### Material provided
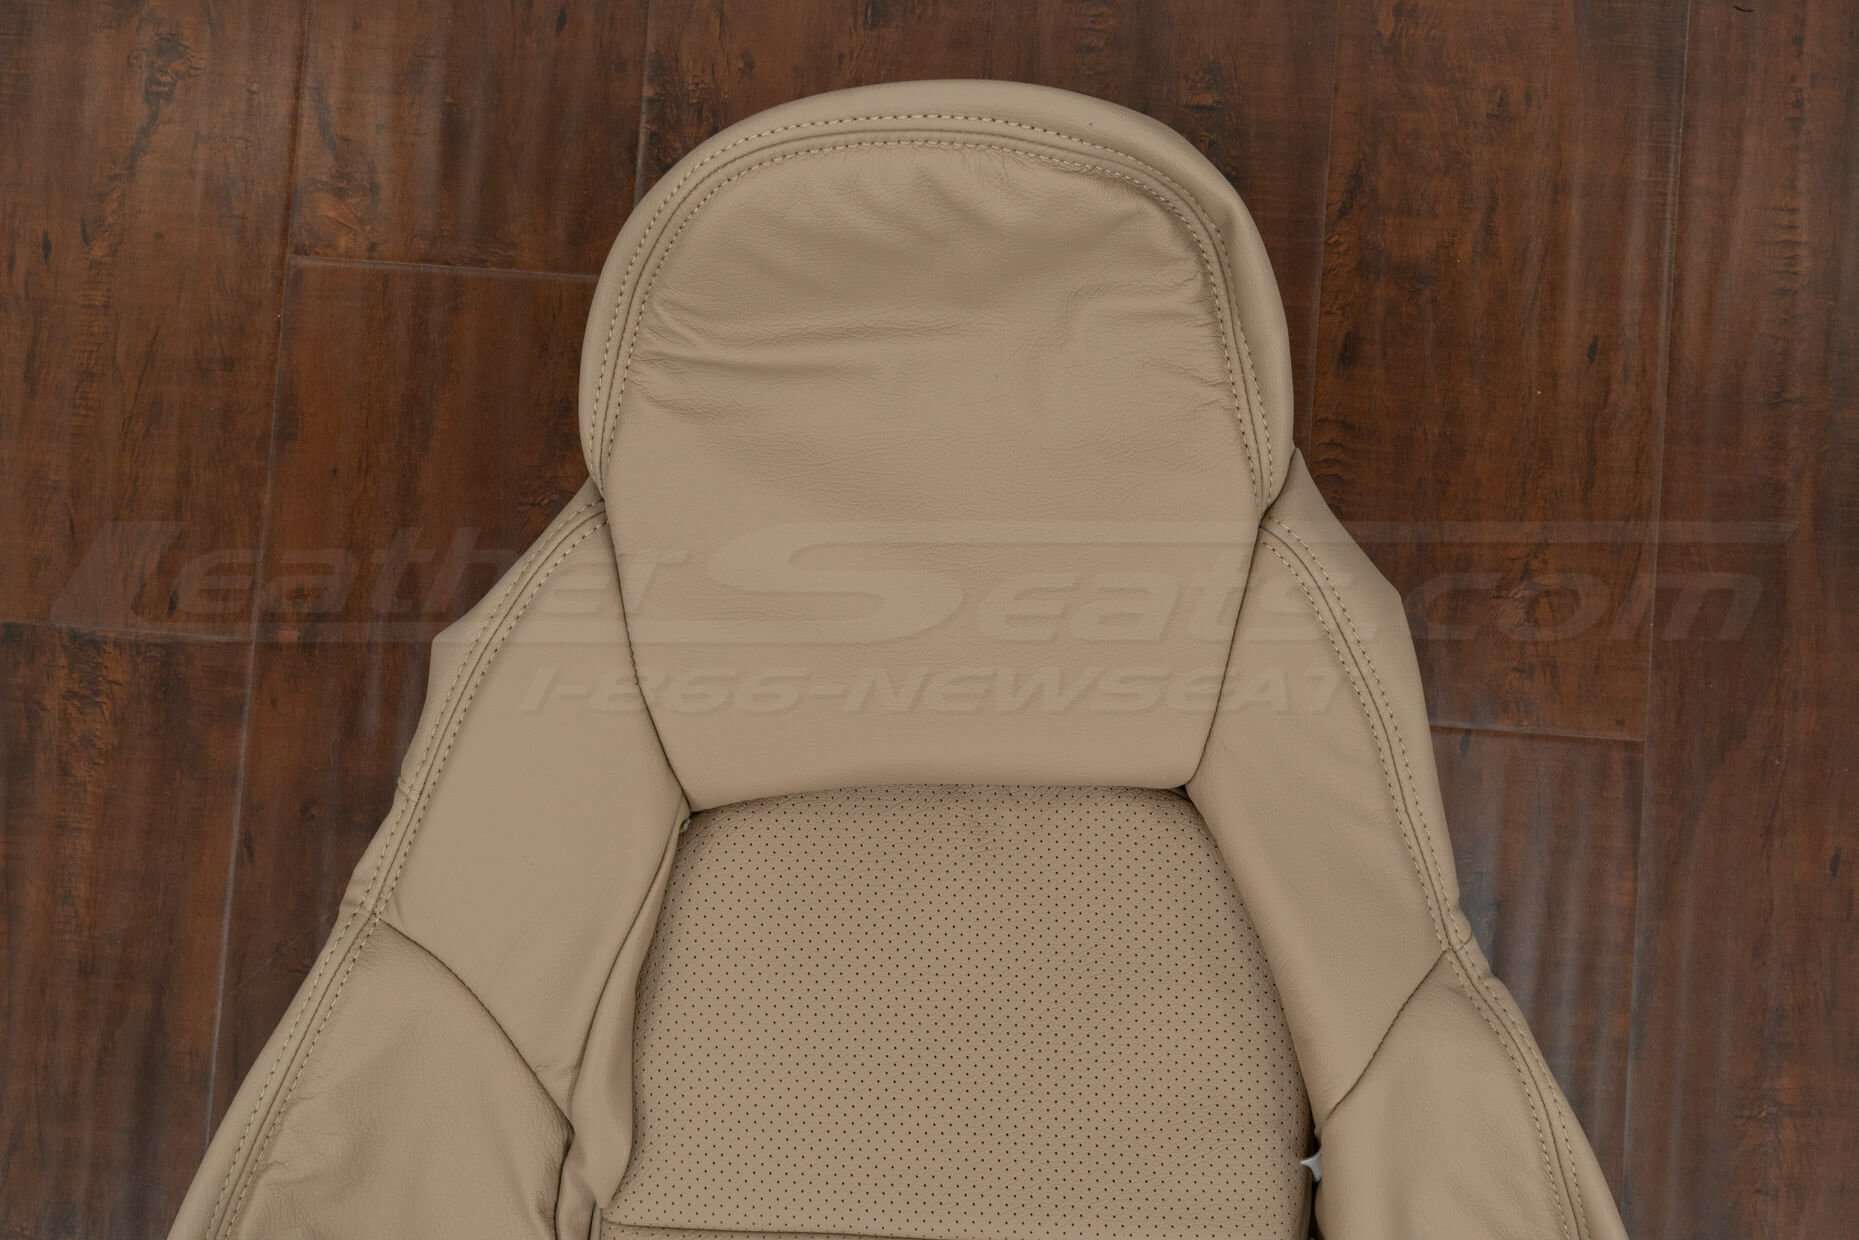 Headrest section of backrest upholstery
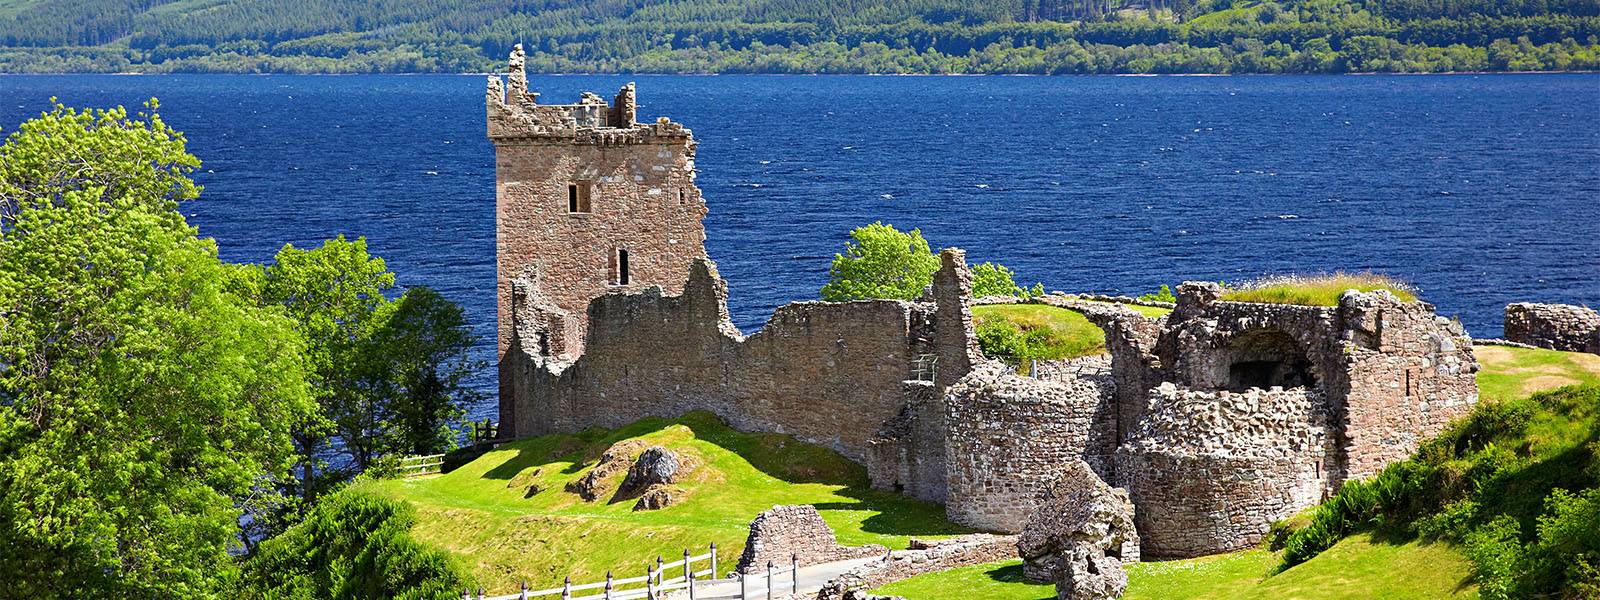 Urquhart Castle near Loch Ness
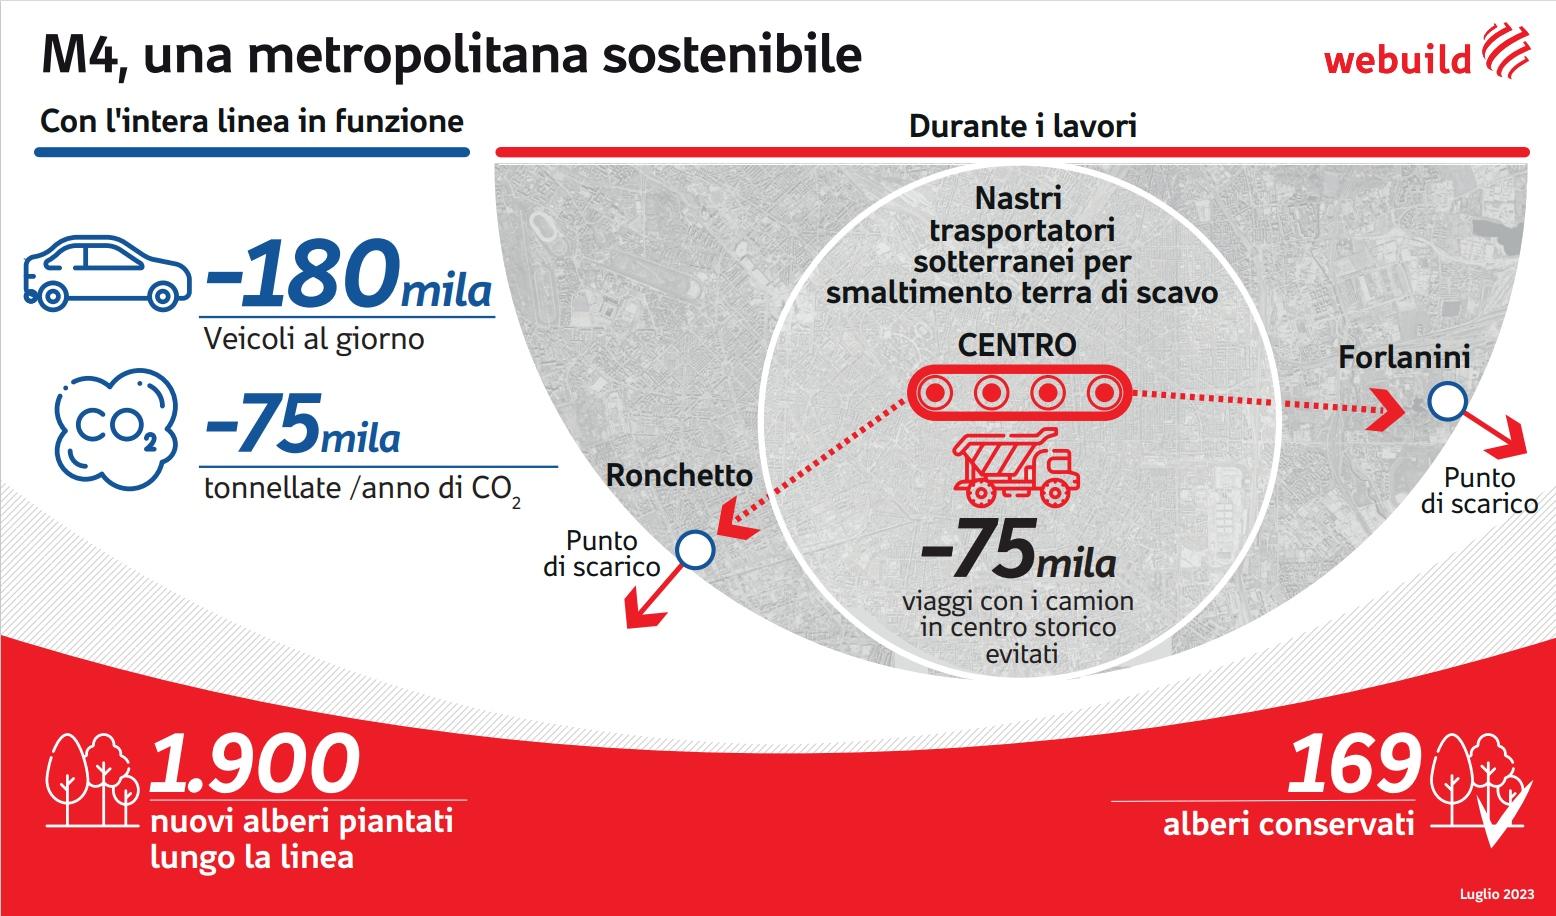 Metro M4 Milano, infografica sostenibilità - Webuild
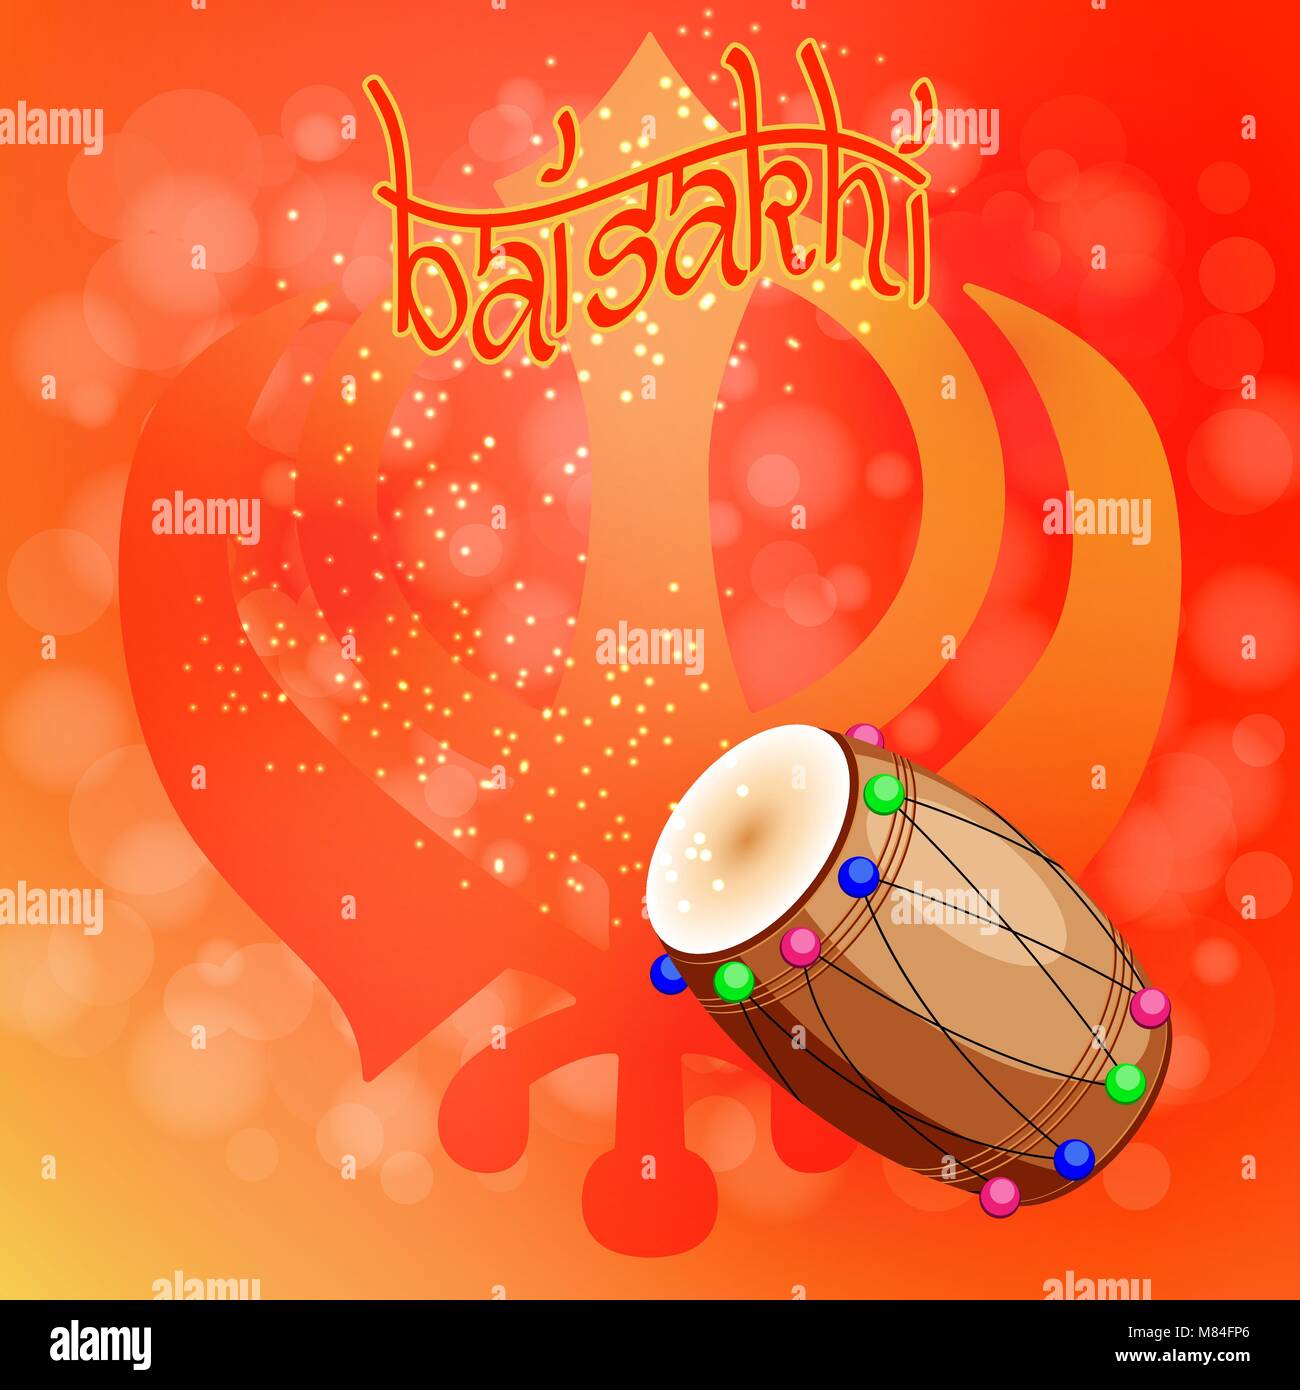 Celebration Holiday Baisakhi. New Year of the Sikhs. Khanda Sikh symbol. Drum, dholak, devanagari. On a red-orange background Stock Vector

### About this task
Reproduce the listing exactly. Leave its pictures out.

### Answer section
 Headrest section of backrest upholstery
 Urquhart Castle near Loch Ness
 Metro M4 Milano, infografica sostenibilità - Webuild
 Celebration Holiday Baisakhi. New Year of the Sikhs. Khanda Sikh symbol. Drum, dholak, devanagari. On a red-orange background Stock Vector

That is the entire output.